→ **Task description**
Write out only the opening lines of the entries, through the line with "1993 336 Russia".

[[ Source material open ]]

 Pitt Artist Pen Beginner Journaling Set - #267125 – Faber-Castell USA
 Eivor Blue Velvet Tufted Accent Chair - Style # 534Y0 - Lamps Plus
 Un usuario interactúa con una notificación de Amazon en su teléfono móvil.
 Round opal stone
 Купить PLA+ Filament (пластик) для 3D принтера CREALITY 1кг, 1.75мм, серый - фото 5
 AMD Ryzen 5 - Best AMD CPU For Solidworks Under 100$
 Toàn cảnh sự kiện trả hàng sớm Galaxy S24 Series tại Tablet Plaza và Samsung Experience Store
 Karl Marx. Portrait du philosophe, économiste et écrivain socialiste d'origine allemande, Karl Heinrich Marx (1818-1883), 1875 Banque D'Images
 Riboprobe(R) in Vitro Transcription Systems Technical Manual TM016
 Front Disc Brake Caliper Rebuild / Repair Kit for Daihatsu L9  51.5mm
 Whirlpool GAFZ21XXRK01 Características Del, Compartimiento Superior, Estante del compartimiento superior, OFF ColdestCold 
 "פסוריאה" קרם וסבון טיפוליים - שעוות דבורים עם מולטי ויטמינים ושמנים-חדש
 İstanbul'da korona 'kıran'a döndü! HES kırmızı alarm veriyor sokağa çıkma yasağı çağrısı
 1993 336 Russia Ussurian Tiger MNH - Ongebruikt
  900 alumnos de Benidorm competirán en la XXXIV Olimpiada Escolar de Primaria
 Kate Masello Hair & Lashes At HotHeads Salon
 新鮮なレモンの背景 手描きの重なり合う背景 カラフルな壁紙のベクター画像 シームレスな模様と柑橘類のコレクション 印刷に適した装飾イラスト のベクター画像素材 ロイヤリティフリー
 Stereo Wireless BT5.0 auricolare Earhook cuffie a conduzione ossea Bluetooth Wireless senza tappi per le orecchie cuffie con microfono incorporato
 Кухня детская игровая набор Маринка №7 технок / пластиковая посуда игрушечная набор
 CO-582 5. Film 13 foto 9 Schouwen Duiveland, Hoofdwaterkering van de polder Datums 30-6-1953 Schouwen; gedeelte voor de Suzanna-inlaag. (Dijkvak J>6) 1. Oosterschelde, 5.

[[ Source material closed ]]

→ **Completed task**
 Pitt Artist Pen Beginner Journaling Set - #267125 – Faber-Castell USA
 Eivor Blue Velvet Tufted Accent Chair - Style # 534Y0 - Lamps Plus
 Un usuario interactúa con una notificación de Amazon en su teléfono móvil.
 Round opal stone
 Купить PLA+ Filament (пластик) для 3D принтера CREALITY 1кг, 1.75мм, серый - фото 5
 AMD Ryzen 5 - Best AMD CPU For Solidworks Under 100$
 Toàn cảnh sự kiện trả hàng sớm Galaxy S24 Series tại Tablet Plaza và Samsung Experience Store
 Karl Marx. Portrait du philosophe, économiste et écrivain socialiste d'origine allemande, Karl Heinrich Marx (1818-1883), 1875 Banque D'Images
 Riboprobe(R) in Vitro Transcription Systems Technical Manual TM016
 Front Disc Brake Caliper Rebuild / Repair Kit for Daihatsu L9  51.5mm
 Whirlpool GAFZ21XXRK01 Características Del, Compartimiento Superior, Estante del compartimiento superior, OFF ColdestCold 
 "פסוריאה" קרם וסבון טיפוליים - שעוות דבורים עם מולטי ויטמינים ושמנים-חדש
 İstanbul'da korona 'kıran'a döndü! HES kırmızı alarm veriyor sokağa çıkma yasağı çağrısı
 1993 336 Russia Ussurian Tiger MNH - Ongebruikt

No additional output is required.